3. High extracellular [Ca2+]. Acting in two ways, elevated [Ca2+]o increases [Ca2+]i and thereby enhances contractility. First, it decreases the exchange of external Na+ for internal Ca2+. Second, more Ca2+ enters the myocardial cell through L-type Ca2+ channels during the action potential.

4. Low extracellular [Na+]. Reducing the Na+ gradient decreases Ca2+ extrusion through NCX1, raising [Ca2+]i and enhancing contractility.

5. Increased heart rate. As we noted in introducing the staircase phenomenon (see p. 528), an increased heart rate increases SR stores of Ca2+ and also increases Ca2+ influx during the action potential.

Negative Inotropic Agents

Factors that decrease myocardial contractility all decrease [Ca2+]i.

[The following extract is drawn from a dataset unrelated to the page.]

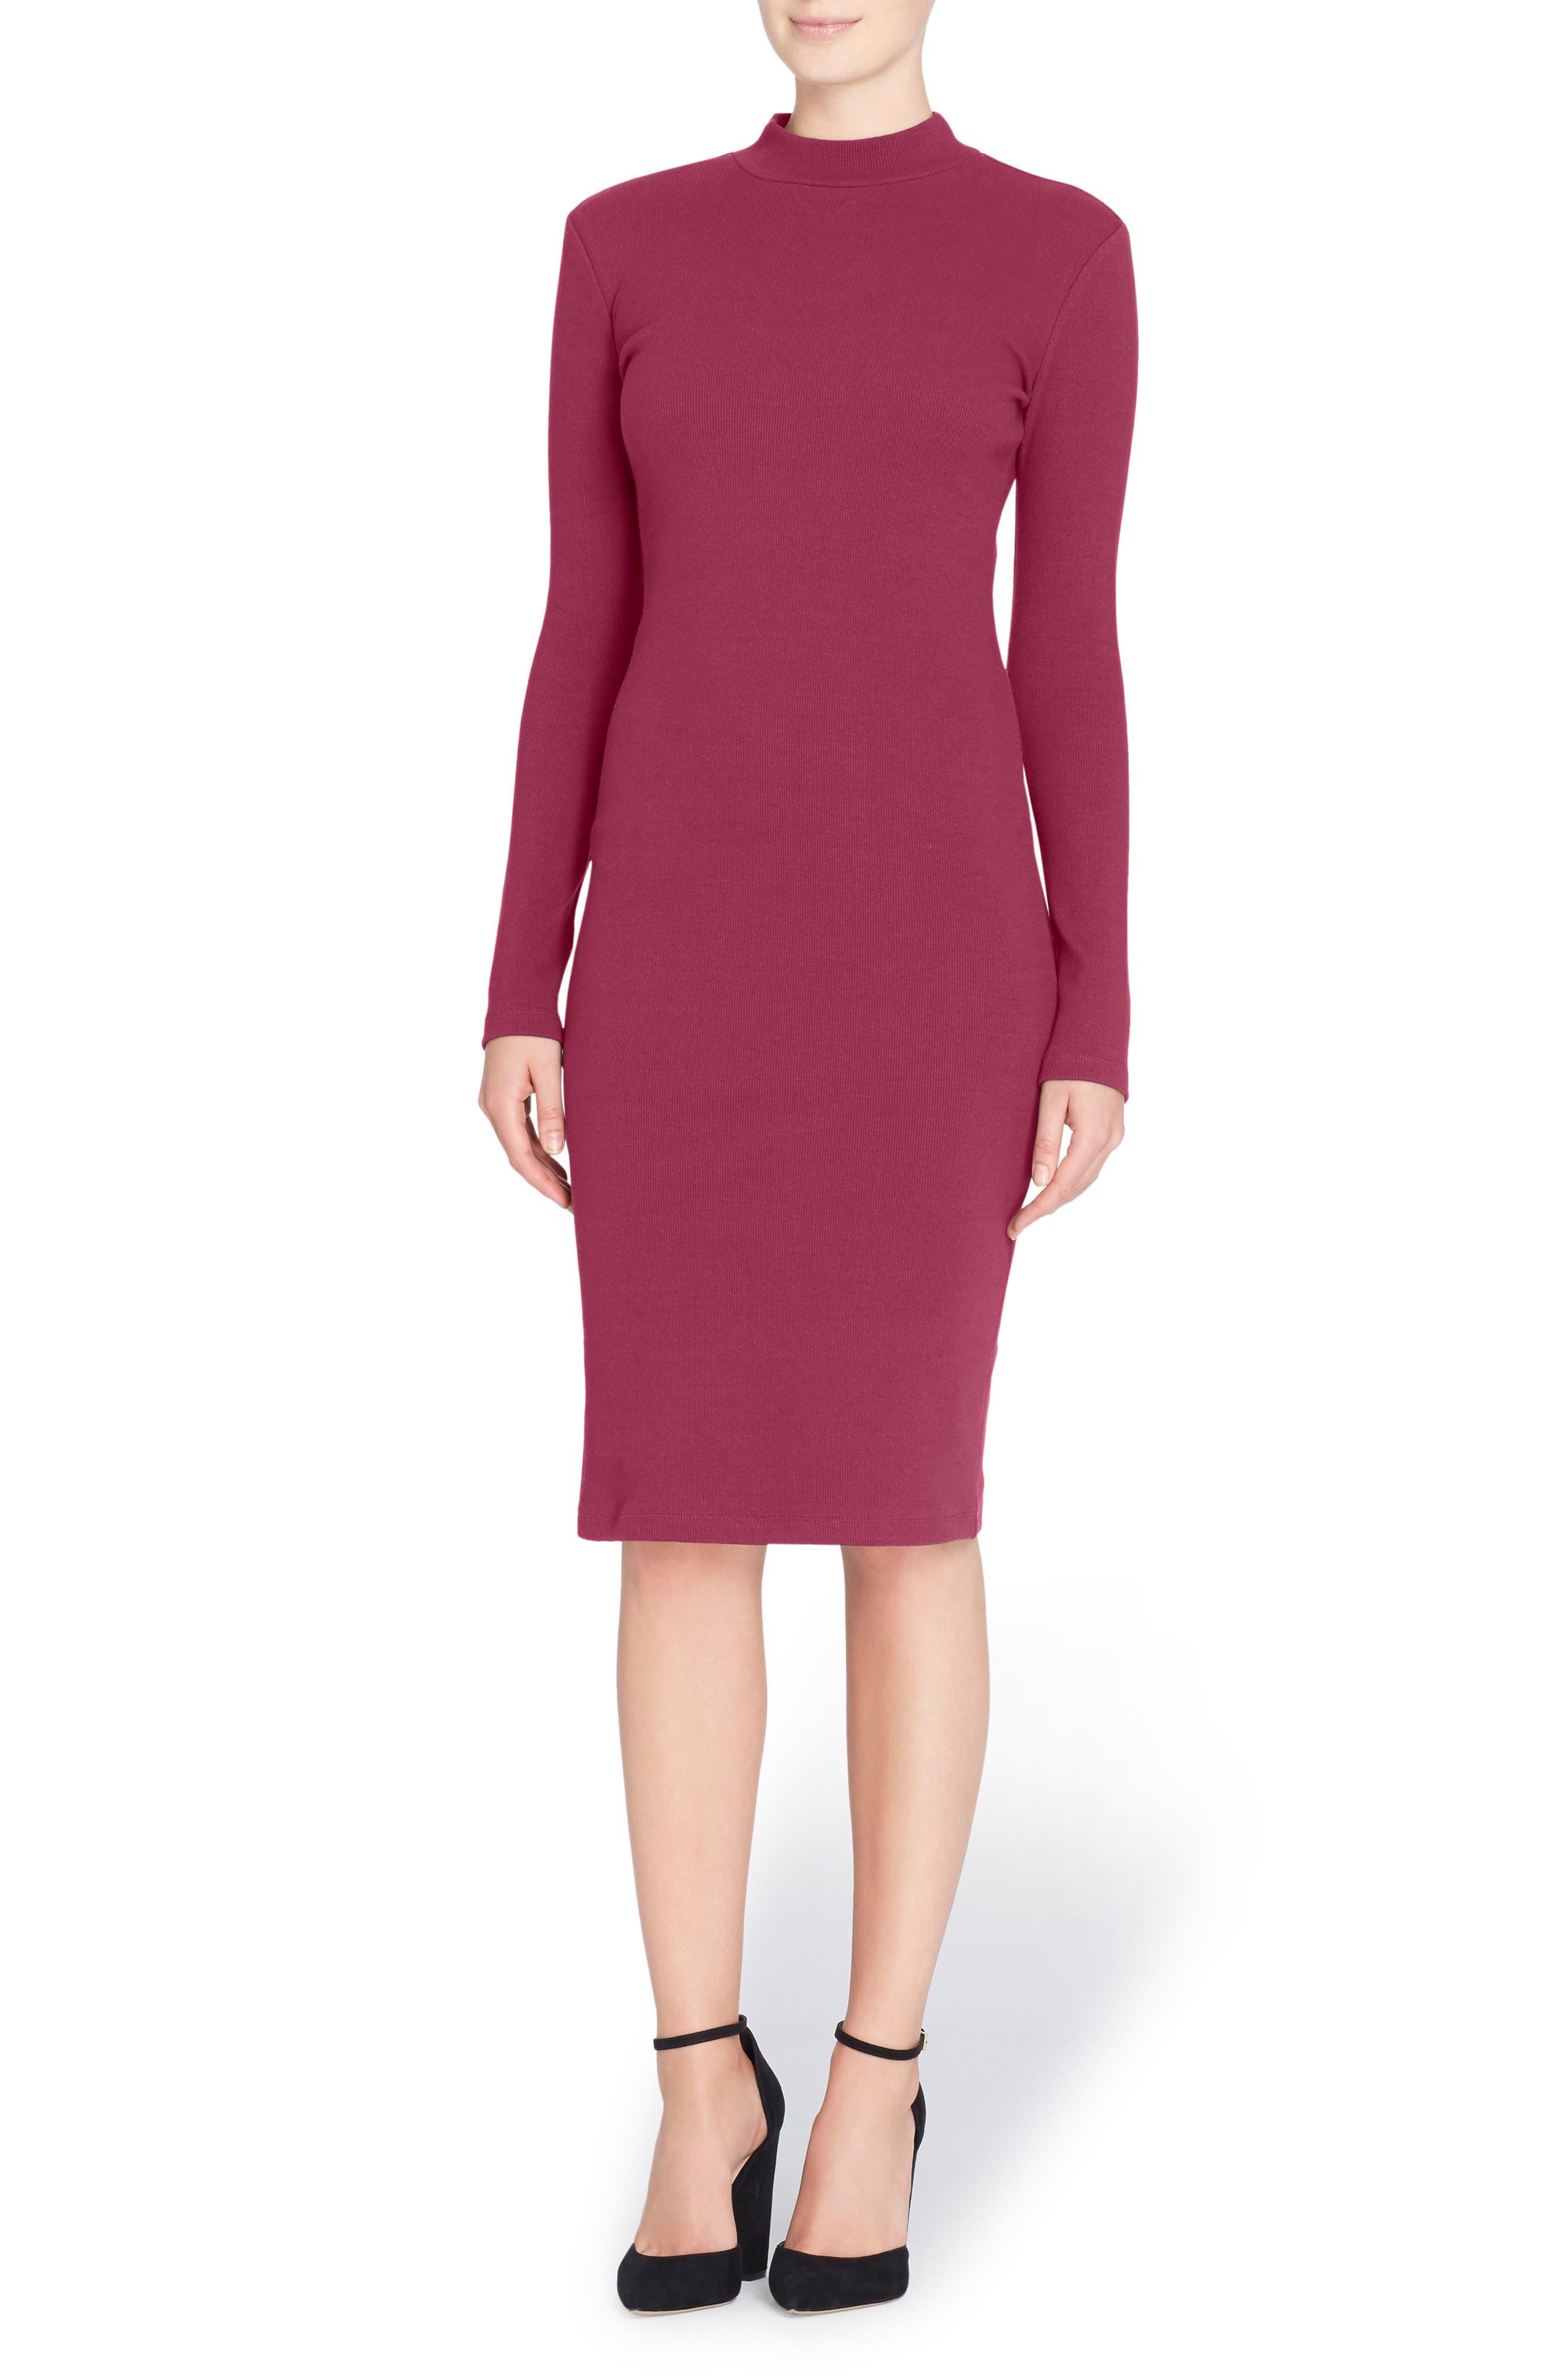 'Kristiana' Knit Midi Dress,                         Main,                         color, Grape Wine

1. Ca2+-channel blockers. Inhibitors of L-type Ca2+ channels (see pp. 189–192)—such as verapamil, diltiazem, and nifedipine—reduce Ca2+ entry during the plateau of the cardiac action potential. By reducing [Ca2+]i, they decrease contractility.

2. Low extracellular [Ca2+]. Depressed [Ca2+]o lowers [Ca2+]i, both by increasing Ca2+ extrusion through NCX1 and by reducing Ca2+ entry through L-type Ca2+ channels during the plateau of the cardiac action potential.

3. High extracellular [Na+]. Elevated [Na+]o increases Ca2+ extrusion through NCX1, thereby decreasing [Ca2+]i.